I really am struggling to understand this - talking about only outbound 25/tcp here. Honest, I'm not taking the proverbial so please bear with me. My take: Spammers will be using an app of some kind to spam, not native software. So I expect that this will be making all of the connections, whether to get a list of addresses + payload to relay ( on any port the remote server is istening on ), or to send. You do not need an authenticated cert to talk SSL/TLS to a mail server - or at least none I've ever come across so far, so a self signed example.com will do just fine. So the app just needs to use / generate one. So what's the difference? On Wed, 2014-11-05 at 15:26 +1300, Mark Foster wrote:
Blocking outbound port 25 blocks the vast majority of non authenticated smtp. The remainder being authenticated (or channelled via the same service provider, who can trace you by your IP, dynamic or not), provides some accountability and makes spam much easier to trace... acknowledging that much spam comes from compromised machines on residential grade connectivity (on port 25).

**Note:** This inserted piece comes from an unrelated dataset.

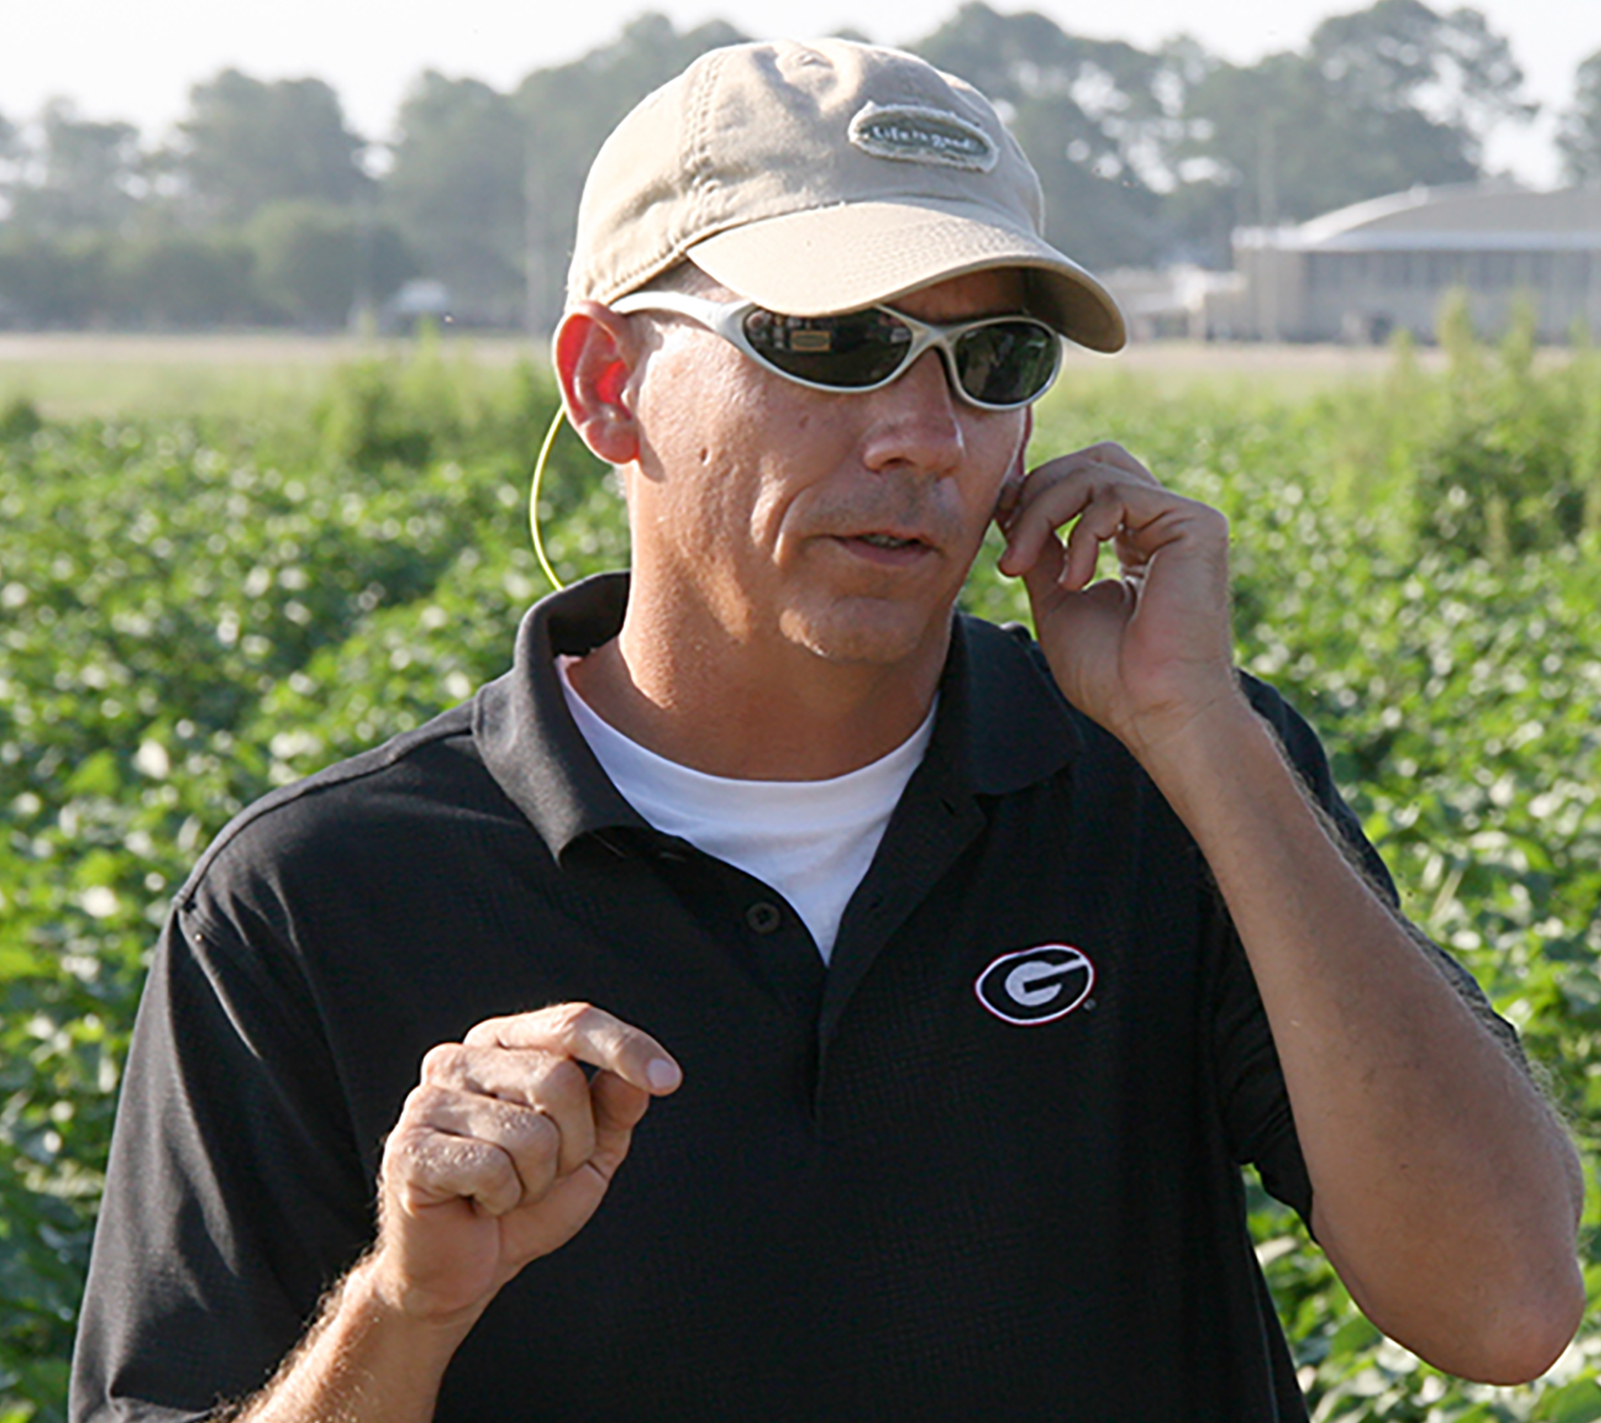 UGA weed scientist Stanley Culpepper speaks during the Sunbelt Field Day in 2015. He is among the scheduled presenters during this year's field day on July 25, 2019.

Blocking port 25 outbound (with an opt out option) makes sense if you can't quickly deal with offenders on your network (as often seems to be the case with big players). This doesnt the provide those players with an excuse to under-resource abuse@ (as the remaining spam is finding another way out) but this does seem to happen regardless... so its not even close to a silver bullet but it does helo more than hinder.
Mark.
Sent from a mobile device.
-------- Original message -------- From: Steve Holdoway Date:05/11/2014 14:56 (GMT+12:00) To: Peter Lambrechtsen Cc: nznog Subject: Re: [nznog] UFB 1 gig plans for retail and impact they have
On Wed, 2014-11-05 at 14:14 +1300, Peter Lambrechtsen wrote:
Have to say that blocking inbound port 25 and 53 is highly recommended for all RSPs. Plus blocking outbound port 25 to only SMTP servers you run if you wanted a sense of if customers are using their connections for mass spamming. With an opt out of course. Given that mail servers also listen on 587 ( thanks billg ) and 465, isn't blocking just 25/tcp just a bit pointless?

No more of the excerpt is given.